With the introduction of FIRS, the UK has mirrored action taken by the United States (through its Foreign Agents Registration Act) and Australia (through its Foreign Influence Transparency Scheme Act). FIRS is intended to herald an era of improved transparency and scrutiny over political and commercial activity, detecting instances where a foreign power might otherwise exert influence over UK affairs.
However, there are ongoing concerns about the potential unintended consequences arising from FIRS' extensive scope, which may (for example) make ordinary banking arrangements with sovereign wealth funds of specified states registrable and add a large compliance burden to joint ventures with some state-owned entities. Given that an election is due this year, it is possible that the implementation of FIRS may be delayed. As we wait for more detail about implementation, our article looks in more detail at the potential unintended consequences of the legislation and sets out key actions that would be useful for UK entities to consider in the near term.
If you would like to discuss further please contact Nick Benwell (Partner), Firoza Dodhi (Associate) or David Bridge (Senior Professional Support Lawyer).
ESG Disputes Radar
We've released a new update on our ESG Disputes Radar. In this edition, we discuss the implications of a unique climate change criminal case that has been brought against TotalEnergies. You can read the update here
Please contact Emily Blower (Managing Associate) for more information.
Supply chains and the risk of potential criminal conduct\
The World Uyghur Congress (WUC), a human rights NGO, applied for a judicial review of the decisions made by three UK government agencies - the Border Force, HMRC, and the National Crime Agency. The WUC had previously contacted these agencies in April 2020, urging them to investigate and block imports of cotton originating from the Xinjiang Uyghur Autonomous Region (XUAR) in China, alleging forced labour and links to UK companies. However, the agencies concluded that the evidence was insufficient to warrant an investigation or block imports. The WUC challenged this decision, arguing that the agencies had misinterpreted the Foreign Prison Made Goods Act 1897 (FPMGA) and the Proceeds of Crime Act 2002 (POCA), which could potentially apply to the cotton produced in XUAR.
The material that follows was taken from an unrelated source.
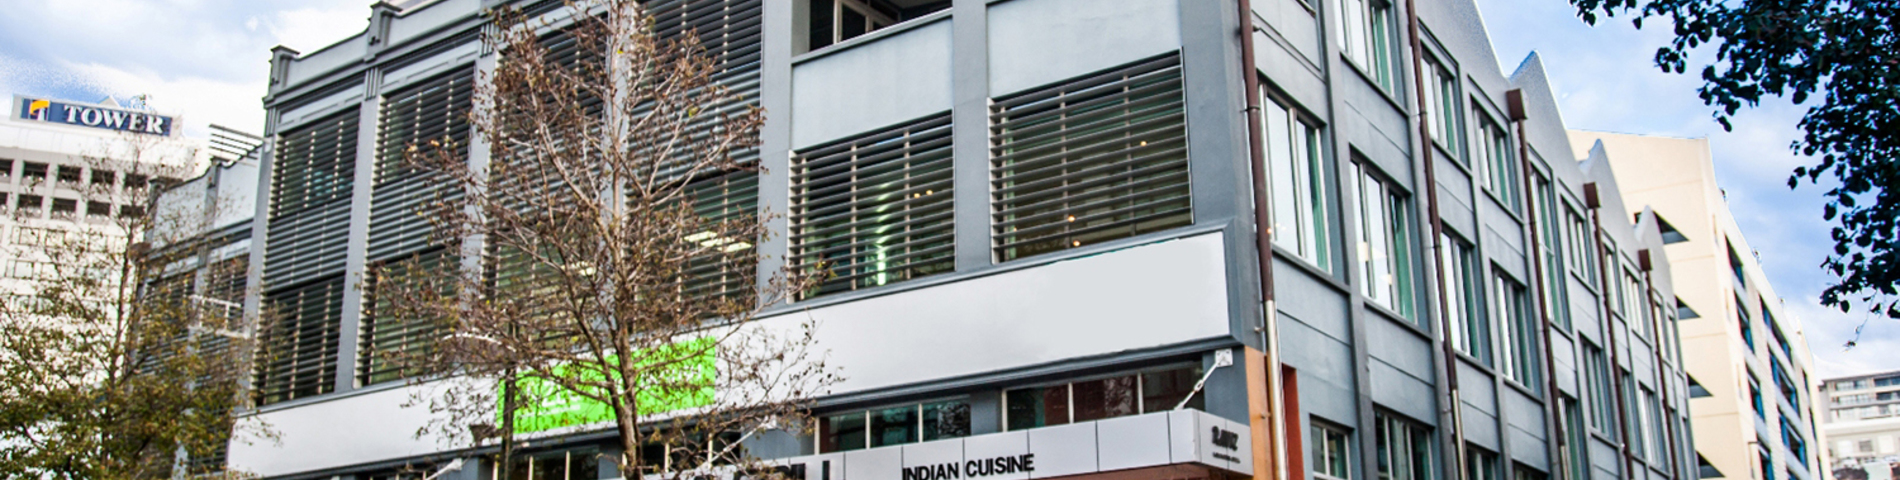 NZLC New Zealand Language Centres bild 1

The agencies have defended their decision, stating that the evidence provided by the WUC did not meet the required standard of proof, which requires a specific link between a consignment of goods and a foreign prison. Regarding POCA, the WUC claimed that the agencies should investigate the imports as potential criminal property. The National Crime Agency, however, argued that for a POCA investigation, specific criminal conduct and property must be clearly identified, which was not the case here. The judge at first instance agreed with the agencies' interpretation of the legislation. However, he did acknowledge the widespread abuses in the XUAR cotton industry.
The case is an example of growing activism by NGOs and is currently subject to appeal. Should the appeal be successful, it would have significant impacts on the supply chains of companies where there is potential criminal misconduct and would increase the importance of carrying out supply chain due diligence to proactively manage risks to business.
Please speak to Camilla de Silva (Partner) or Sam Wilson (Associate) for more information.
International arbitration
The latest edition of our International Arbitration Newsletter is available here.
Please speak to Stuart Dutson (Partner) if you would like to know more.
FCA - Dear CEO Letters - Consumer Duty
In a flurry of Dear CEO letters, the FCA has sent out not one, not two, but six Dear CEO letters regarding the implementation the Consumer Duty for closed products to: asset managers, retail banks, life insurers, consumer finance firms, consumer investment firms and everyone else subject to the Consumer Duty. Like with everything Consumer Duty related they're quite long - but the main point for this email is the FCA has said that they expect firms' senior management to carefully consider the contents of this letter and take steps to ensure their firm is compliant with the Duty by the deadline (31 July 2024). More details on these letters is in Consumer Duty View.
We're doing a lot of work with clients on meeting this deadline and also with their annual report for open products and services - if you need any help or guidance we are here.
If you have any questions, please contact Caroline Hunter-Years (Partner).
SFO strategy
The SFO has recently published its new 5-year strategy (for 2024 to 2029) setting out the direction it intends to take under its new director, Nick Ephgrave. It outlines four strategy outcomes, being:
- to have a highly specialised, engaged and skilled workforce;
- to harness new technology;
- to effectively combat crime through intelligence, enforcement and prevention; and
- to be a proactive, authoritative player in the domestic and global justice system.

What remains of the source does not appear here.